Users and groups have to be seriously considered when designing permission schemes. Groups in SharePoint are contained and administered at the site collection level, and can either be a Windows security or SharePoint group. Groups in SharePoint have an associated default permission level, but the default permission levels are easily modified. Similiar to how managing permissions requires the SPBasePermissions.ManagePermissions member, creating groups requires the SPBasePermissions.CreateGroups member. Groups only contain utility when users are placed within the group. It is considered a best practice to use groups whenever possible and in only particular circumstances assign individual permissions to particular content.

In terms of the “things” that a user wants to access, each object is considered to be a securable object or an ISecurableObject object. This can be a list, library, document, list item, etc. By default content within the site will natively inherent the site permissions but there is lower level assignment that is always available, such as list level (container level) or item level (content level).

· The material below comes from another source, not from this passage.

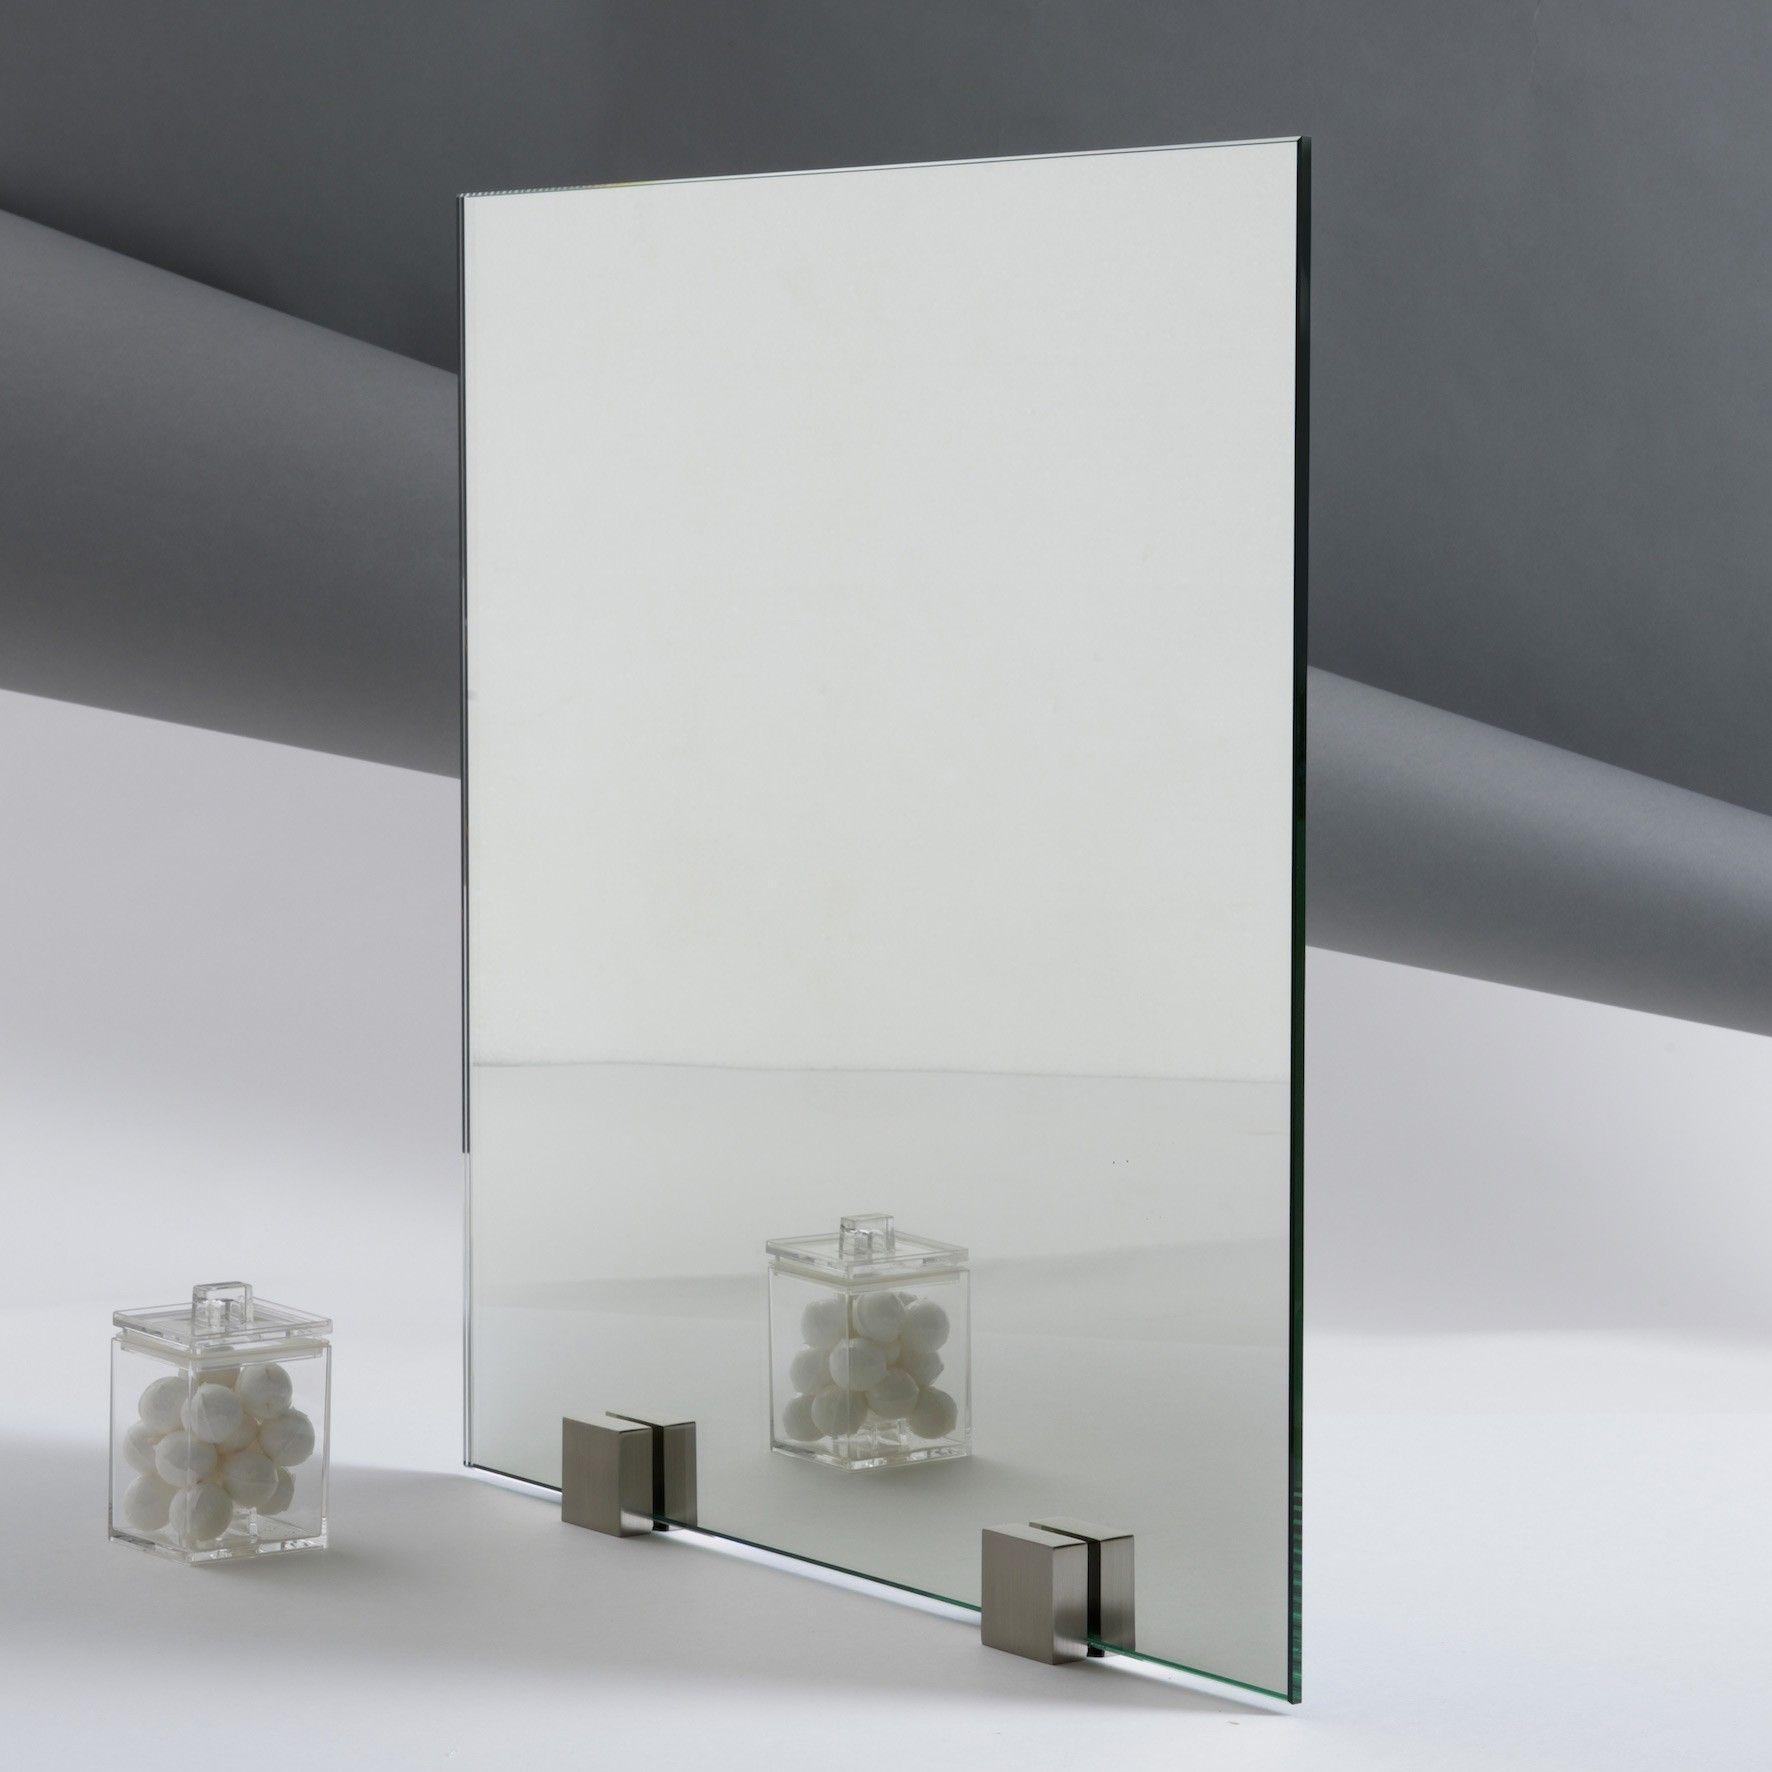 D coupe de verre et vitre sur mesure double vitrage - Qu est ce qu une credence ...

Understanding and designing the SharePoint security relational assignments is crucial when considering the holistic SharePoint environment. Particular securable objects can have a user or group assigned a permission level for it. On securable objects within the site, as stated before, will by default inherit the permissions from the site by default. This design can be extended by implementing unique, fine grained permissions for each securable object in SharePoint in order to more finely tailor user actions for particular content. This approach needs to be approached with the aggregate design in mind, since assigning a multitude of individual permissions can natively cause a very, very complex design. This paradigm of complexity means that the implemented design must mutually consider the permission inheritance scheme as well as the individual permission assignment scheme. As a best practice, when breaking inheritance you should try to use groups as much as possible in order to decrease the complexity of the security designs. Individual accounts, for individually assigned items can be very, very difficult to track and can cause highly visible maintenance problems.

Managing sites, as a best practice, should use inheritance as much as possible due to the trickle-down inheritance that happens by default with the permissions of all the associated items within the site. It both lessens security design complexity and makes push down changes much more effective and impacting. Under this design however, the persons with the rights to manage sub site permissions must be strongly controlled since the sets are shared. This can natively cause problems with users accessing content and both site and the sub site level. As a best practice, commonly accessed content should use a shared inheritance scheme as much as possible while sensitive content that has few associated users and groups can be broken.

From what we have talked about thus far, it is clear that determining the balance between the simplicity of managing the security for an instance as well as performance versus the need to separate sensitive content. There are a few takeaways to consider as best practices. Firstly, always follow the principles of least privilege where a user only has the required minimum permissions to execute their assignments. Since several of the inbuilt functions of SharePoint as well as the API has hooks that use the standard groups, it is best to exploit the default groups as much as possible. As stated previously, it is best as much as possibly to lean on inheritance schemes. Always carefully choose whom you elevate about the permissions of members of visitors since these correlate to the common actions of limited contribution and view rights on objects. Furthermore, members of the Owners group should be tightly controlled and monitored since they have elevated rights to execute actions such as modifying the site structure. It is important to remember that permissions and permission levels are flexible in SharePoint, permission levels for particular objects can be customized as required.